The woman on the phone went down a list of the things I needed to do: Stay home. Don’t leave the apartment for any reason. And isolate from Jeff.
That last bit surprised me — my husband and I certainly hadn’t been isolating from one another between taking the test on Nov. 7 and getting the results late on Nov. 11, so what was the point in doing so now? If I was going to expose him, surely the most dangerous period had been those four crucial days when I was supposedly shedding the coronavirus in the bed we shared, the sips of bourbon we exchanged, and the three-plus hours in the car together, windows closed, during our drive home to New York on Nov. 9 after our weekend away.

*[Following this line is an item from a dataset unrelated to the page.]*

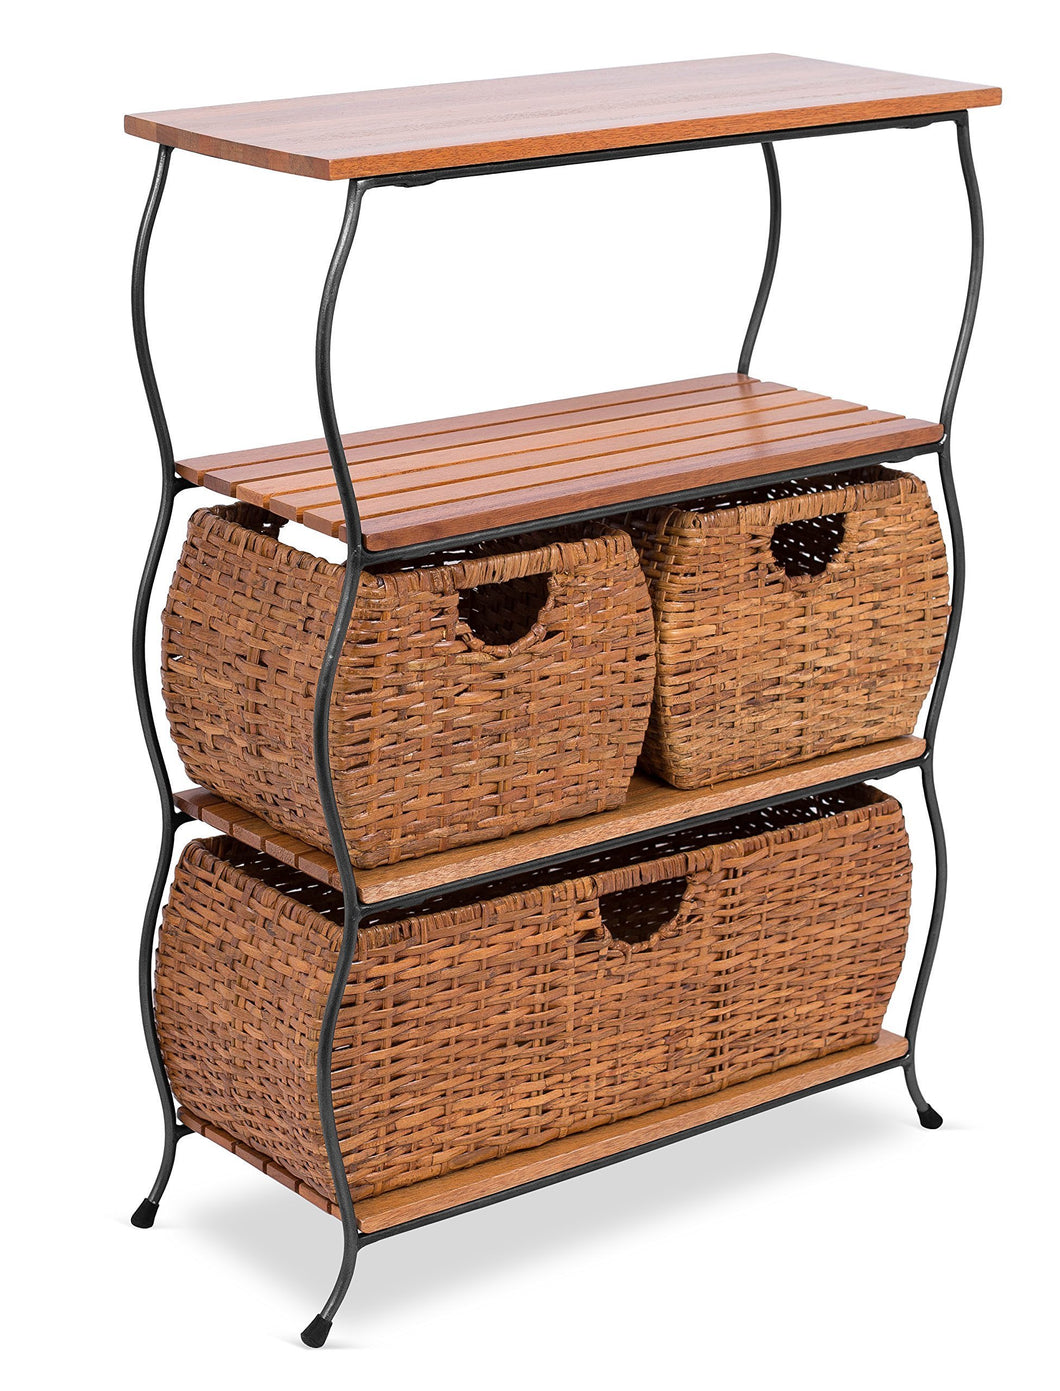 BIRDROCK HOME Industrial 4-Tier Shelving Unit with Rattan Woven Baskets - Delivered Fully Assembled - Wooden Freestanding Shelves with Storage Bins - Decorative Living Room Shelf

As a science journalist who’s written about emerging viruses for 30 years, I knew enough to ask the Delaware public health rep whether the lab report included a Ct number. Experts have been saying that the Ct (cycle threshold) number is crucial to understanding how the coronavirus spreads and how it causes disease. It can offer helpful information not only for epidemiologists but for individuals, too — those of us desperate to predict, as I suddenly was, the likely trajectory of our illness after a positive test result.
The Ct number tells you how many amplification cycles through the PCR machine are required before the lab can get a detectable level of viral RNA. If the lab had to go through the cycle just 20 times or so, that means you started out with a relatively high viral load, and it would make sense to expect that you’d get pretty sick. (Though even that is conjecture; no one has kept good track of the relationship between viral load and severity of symptoms, so what we’re left with here is mostly an educated guess based on correlations seen in some observational studies.)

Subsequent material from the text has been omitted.